Just grab the header value, decode it from Base64 back to a string, and then split it. The value that is encoded would normally:, but really if this is a custom solution you can make it anything you want if you’re in control of how the value is encoded and decoded (which here I am – I just decided to follow the standard).

Now that we have the username and password, it really is up to you as to how you use it. The normal thing would be to look up some database value and check if the user exists.
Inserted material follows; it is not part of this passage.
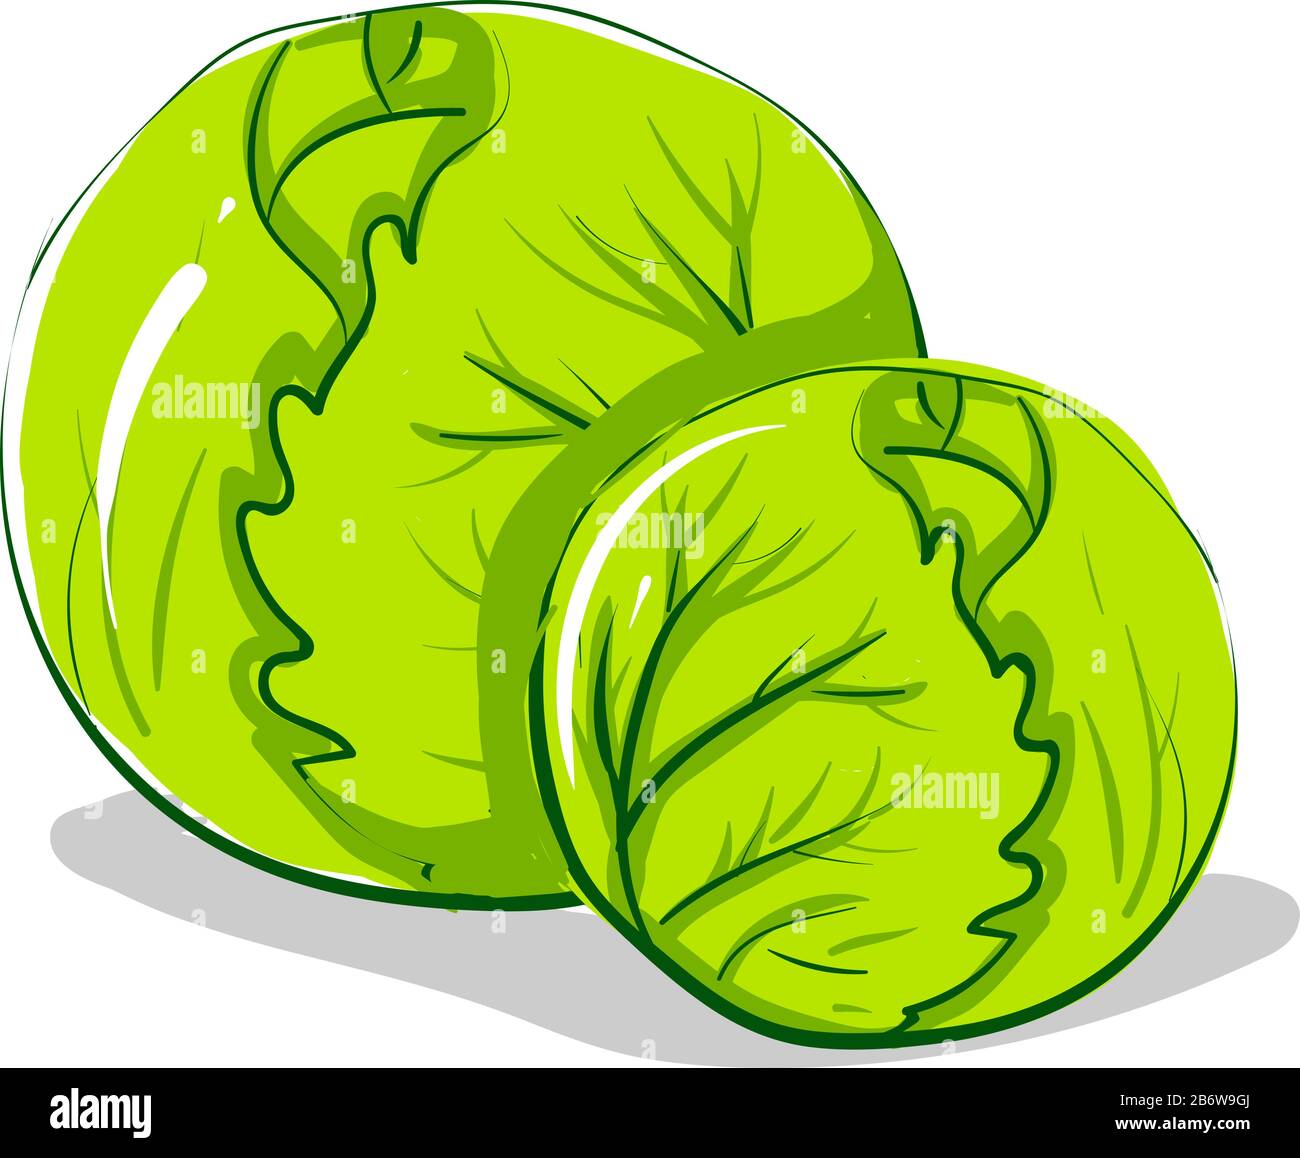 Two cabbages, illustration, vector on white background. Stock Vector

In my case, I grab a couple of services to find the user that the credentials refer to, and I set the user into the current principal. I then defer execution to the base filter and allow the action to run:

IPasswordTransform transform = DependencyResolver.Current.GetService < IPasswordTransform > ();  
IRepository < User > userRepository = DependencyResolver.Current.GetService < IRepository < User >> ();  
User user = userRepository.All(u => u.Username == username && u.PasswordHash == transform.Transform(password)).SingleOrDefault();

if (user != null) {  
 HttpContext.Current.User = new GenericPrincipal(new ApiIdentity(user), new string[] {});
 base.OnActionExecuting(actionContext);
}

If the user wasn’t found, simply return a 401:

 else { 
   actionContext.Response = new System.Net.Http.HttpResponseMessage(System.Net.HttpStatusCode.Unauthorized); 
}

In the code above where I set HttpContext.Current.User, I am just using a custom type called ApiIdentity, which is an implementation of IIdentity and allows me to store a user entity against the username. For brevity, it’s implementation is:

using System.Security.Principal;

public class ApiIdentity: IIdentity {  
 public User User {
  get;
  private set;
 }
 public ApiIdentity(User user) {
  if (user == null) throw new ArgumentNullException("user");
  this.User = user;
 }

 public string Name {
  get {
   return this.User.Username;
  }
 }

 public string AuthenticationType {
  get {
   return "Basic";
  }
 }

 public bool IsAuthenticated {
  get {
   return true;
  }
 }
}

Using the Basic Authentication action filter

To use this thing, just decorate any action or controller with [BasicAuthentication], and any requests to those actions will require that the Authorization header is sent:

// GET /api/accounts 
[BasicAuthentication] 
public IEnumerable < OwnerAccountDto > Get() {  
 var accounts = _accountsRepository.All(a => a.OwnerKey == AuthorizedUser.Guid).ToList();
 return Mapper.Map<IEnumerable<OwnerAccountDto>> (accounts);
}

I went one step further than this and created an AuthorizedApiController which already has this attribute on it. Furthermore, I added an accessor to get the actual user entity that was authorized when the request was made:

[BasicAuthentication] 
public class AuthorizedApiController: ApiController {  
 public User AuthorizedUser {
  get {
   return ((ApiIdentity) HttpContext.Current.User.Identity).User;
  }
 }
}

A quick note on unit testing: having this property return something straight out of the current HttpContext instance mucks things up a little for unit testing, since there won’t be a context to look at in that scenario. The way to combat it is to either:

  • Create a provider model to retrieve the authenticated user through some IAuthenticatedUserProvider interface
  • Use a framework such as Moq to allow you to mock up a context just for this scenario (available through Nuget too)

Now you have the tools to custom-build an authentication scheme for your Web Api. Happy.. authenticating!